* **What is being asked**
Each line of the material must be reproduced exactly; pictures stay out.

* **Dataset excerpt**
= Beginning of Section =

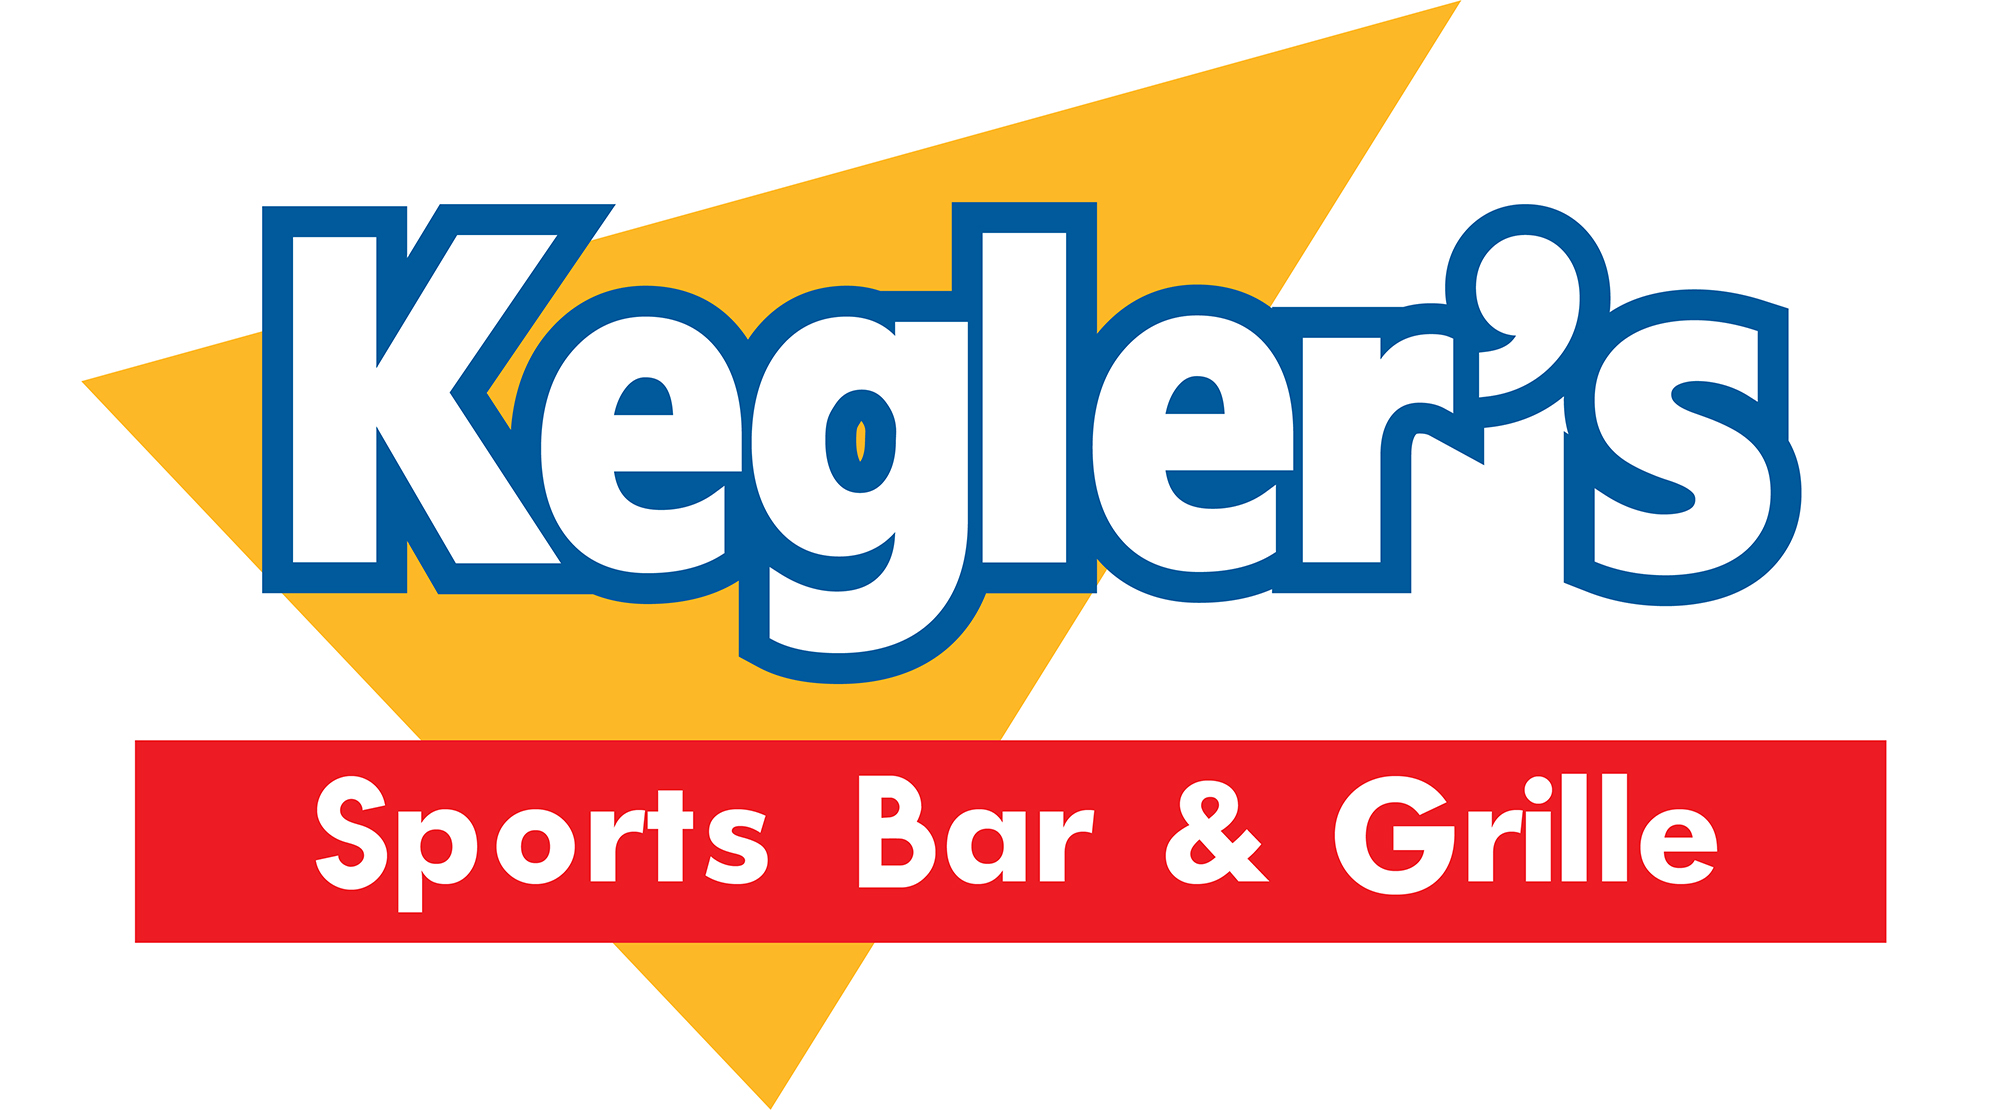 Keglers logo
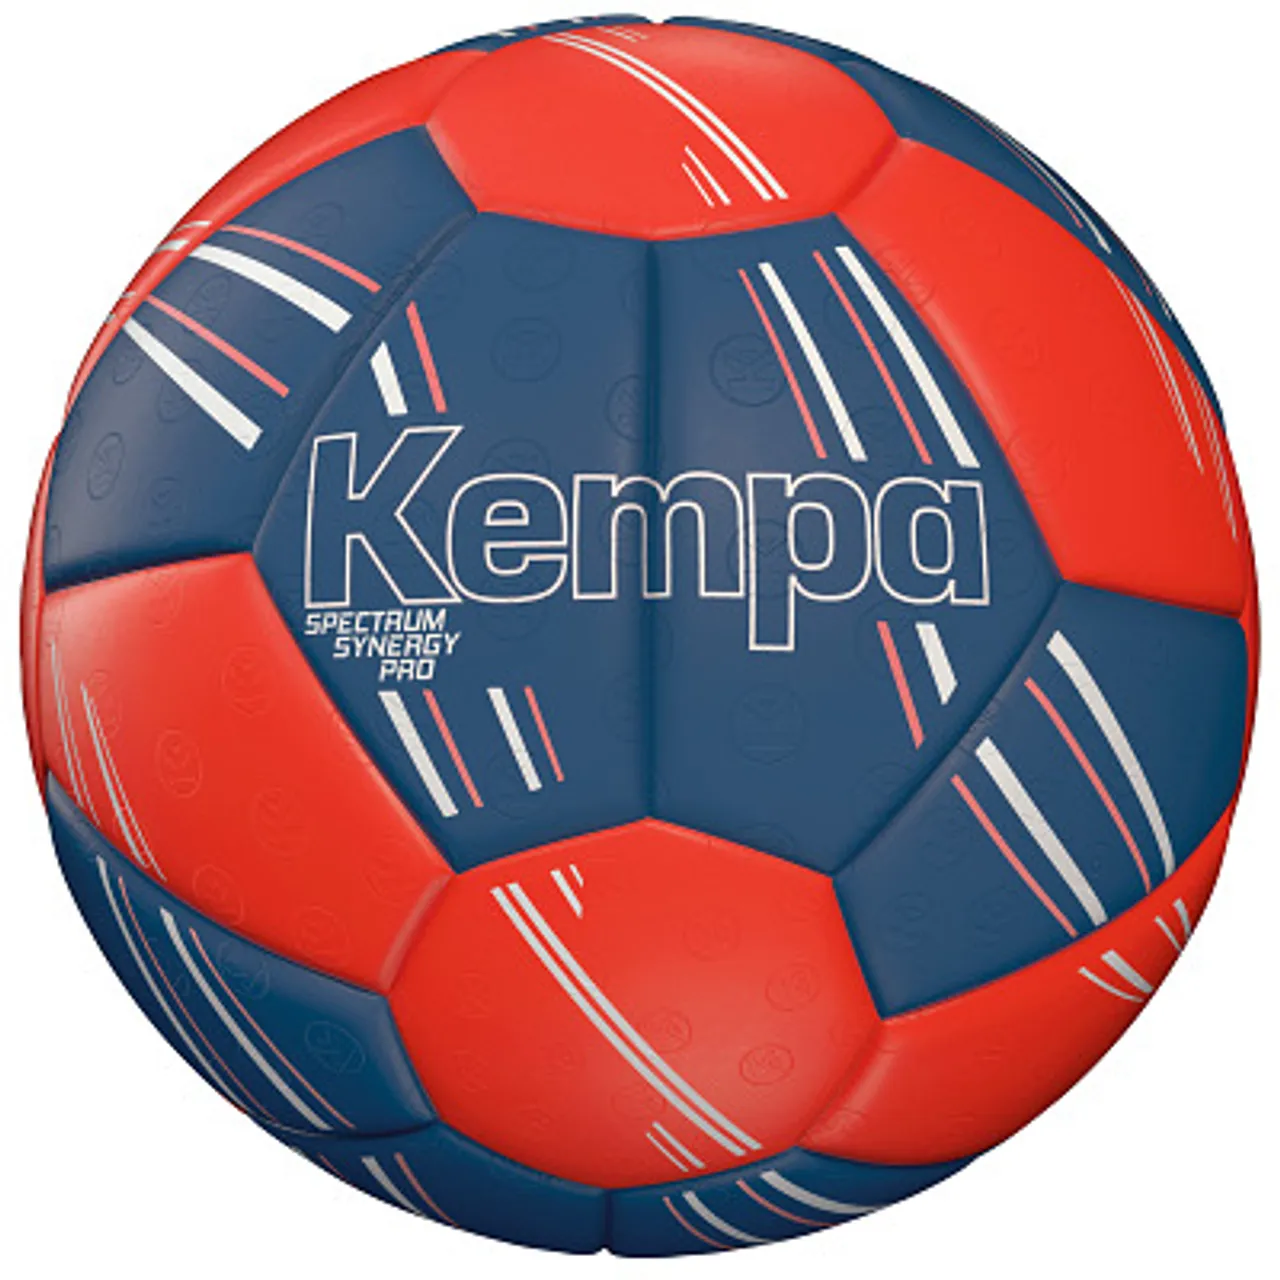 Kempa Handball "Spectrum Synergy Pro 2.0", 2
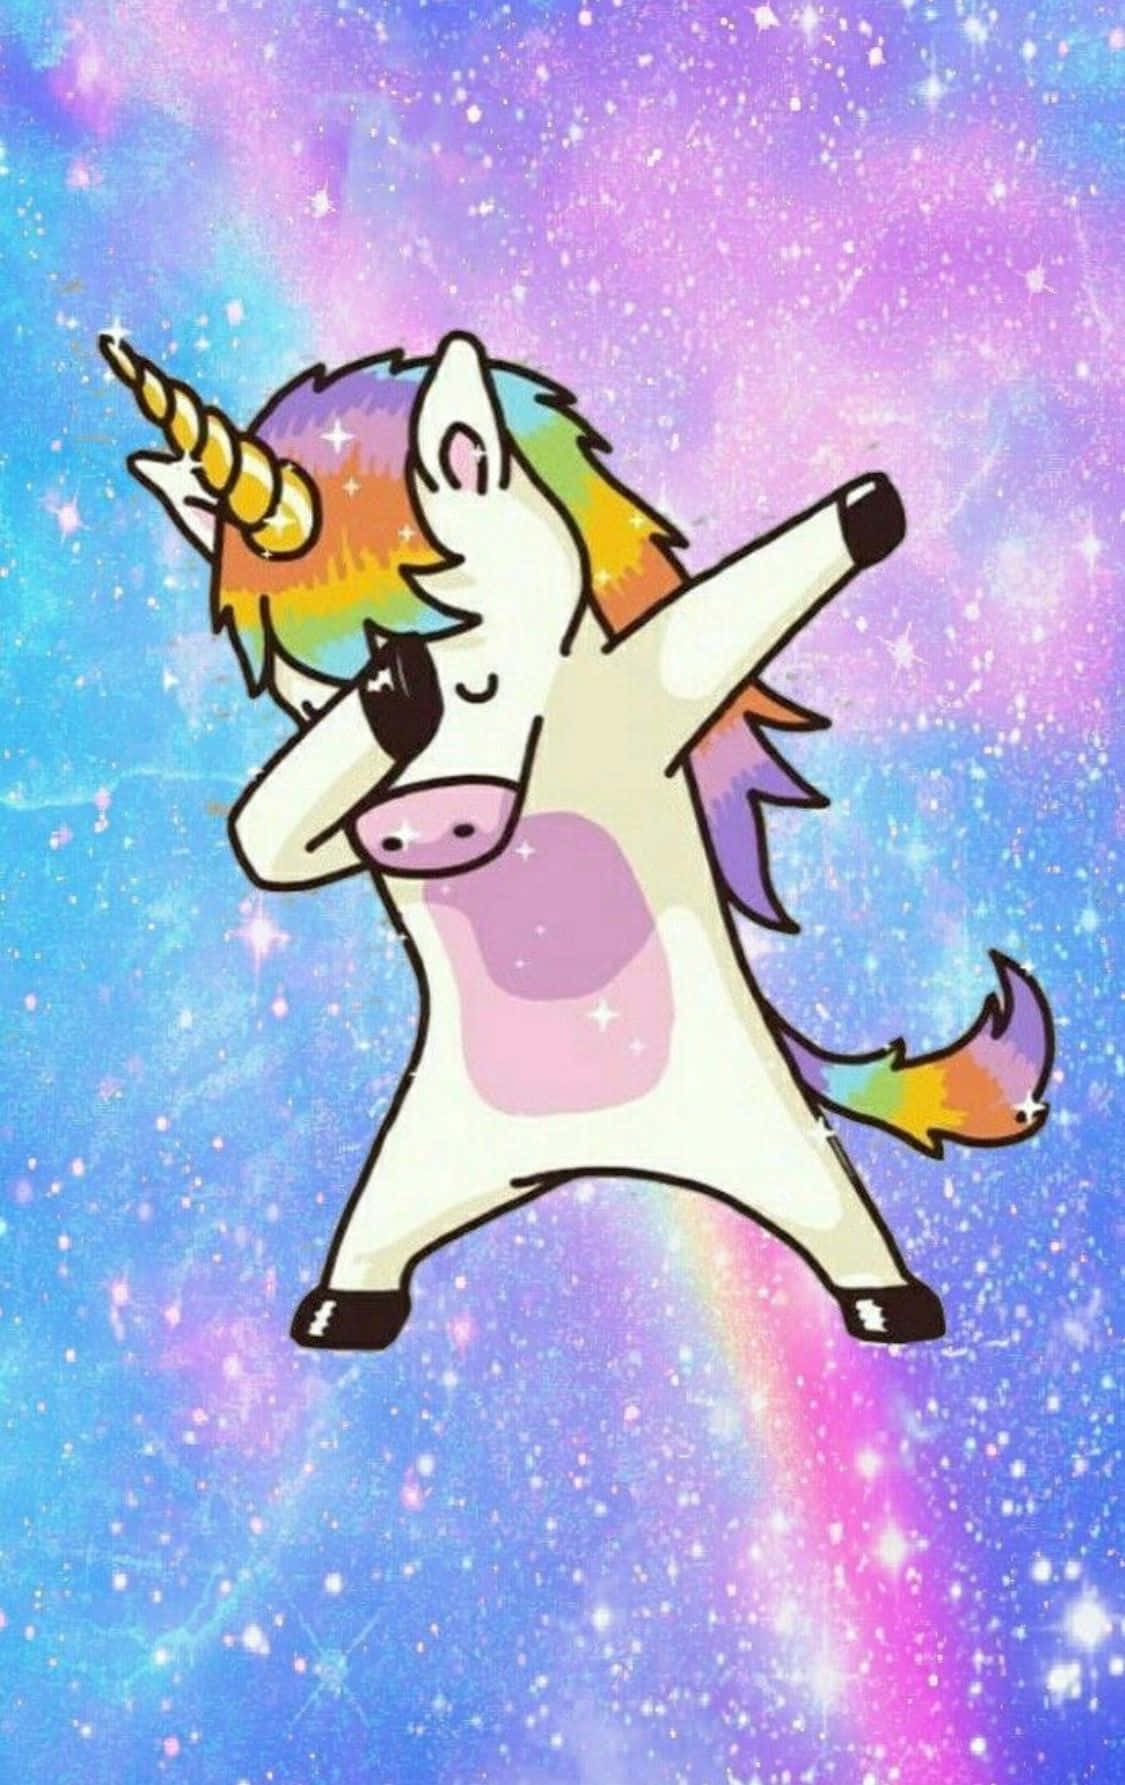 A Cartoon Unicorn Is Dancing In Space

= End of Section =

* **Completed exercise**
 Keglers logo
 Kempa Handball "Spectrum Synergy Pro 2.0", 2
 A Cartoon Unicorn Is Dancing In Space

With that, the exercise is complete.